REQUIREMENT – Pictures aside, print all of the data below exactly as written.

COLLECTED MATERIAL –
▼▼▼
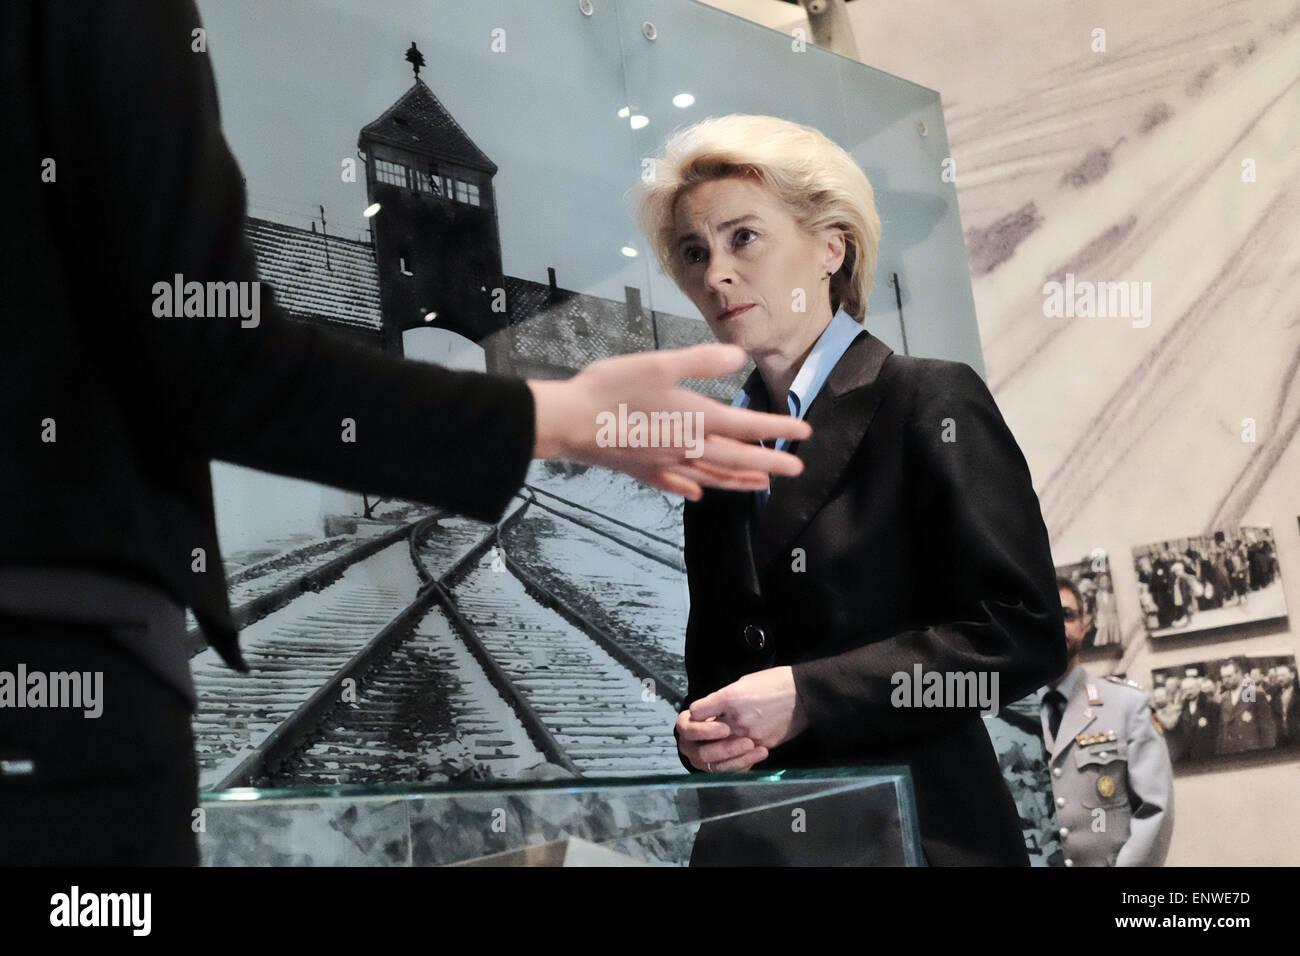 Jerusalem, Israel. 12th May, 2015. Defense Minister of Germany, URSULA VON DER LEYEN (R), views the Auschwitz - - Stock Image
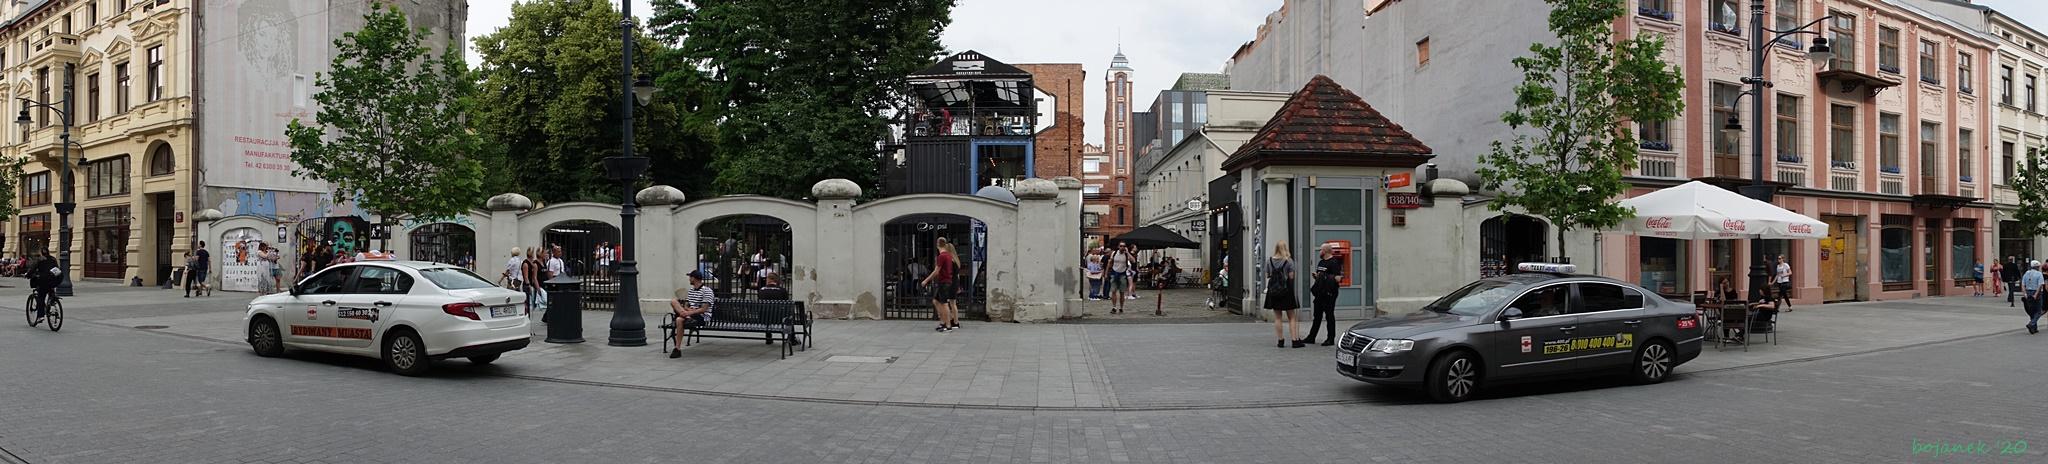 Piotrkowska 48
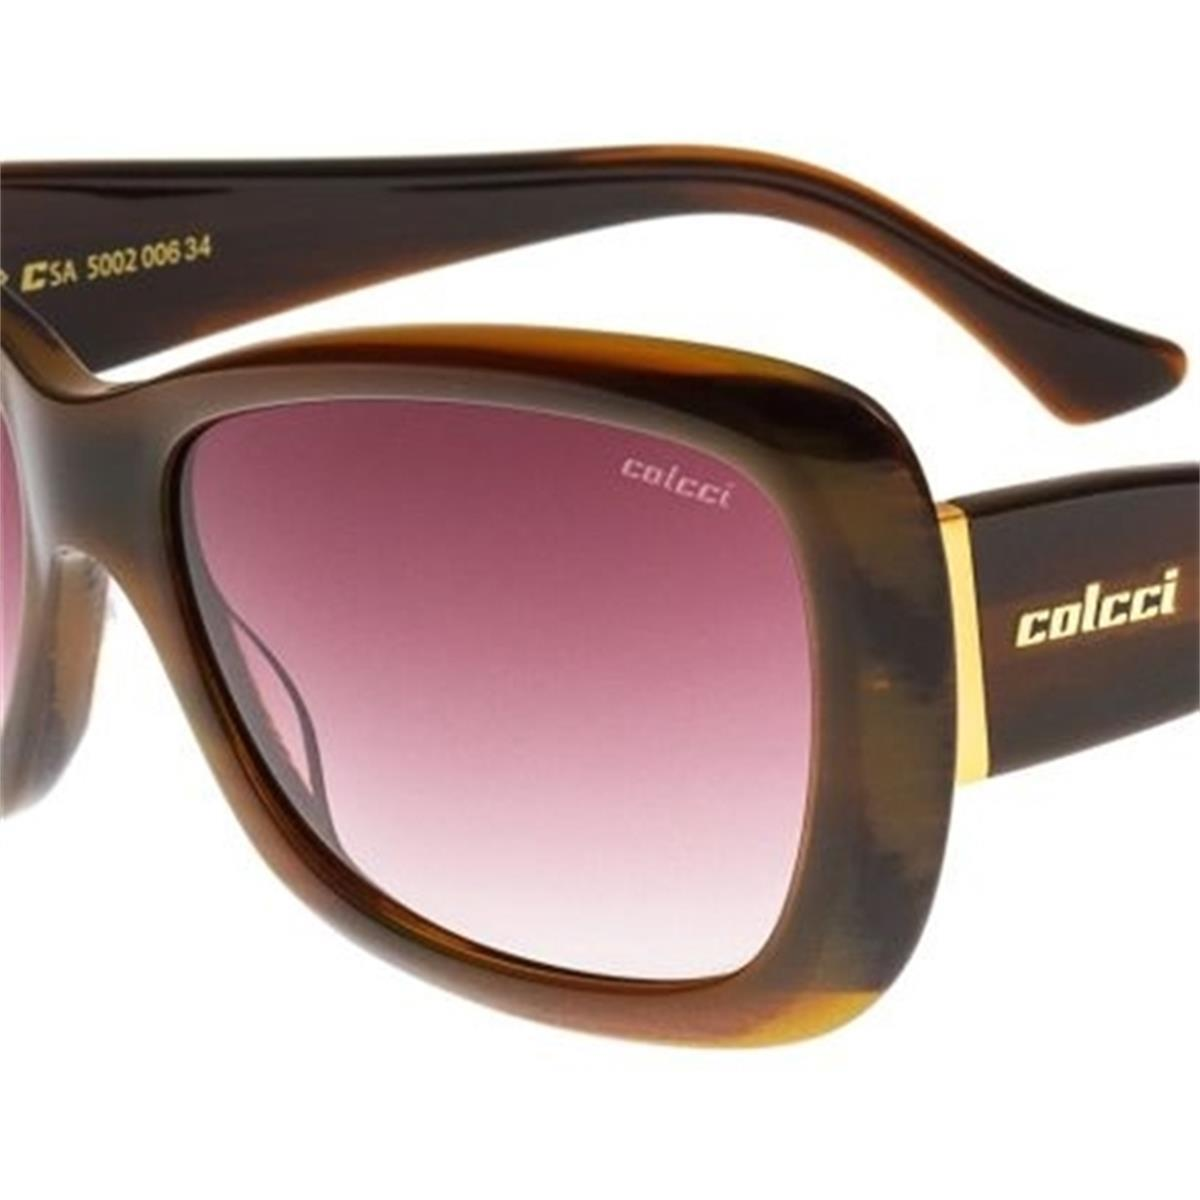 Óculos de Sol Marrom Marmorizado Feminino 5002 Colcci 34e1b0ea8c
▲▲▲
EXERCISE SOLUTION –
 Jerusalem, Israel. 12th May, 2015. Defense Minister of Germany, URSULA VON DER LEYEN (R), views the Auschwitz - - Stock Image
 Piotrkowska 48
 Óculos de Sol Marrom Marmorizado Feminino 5002 Colcci 34e1b0ea8c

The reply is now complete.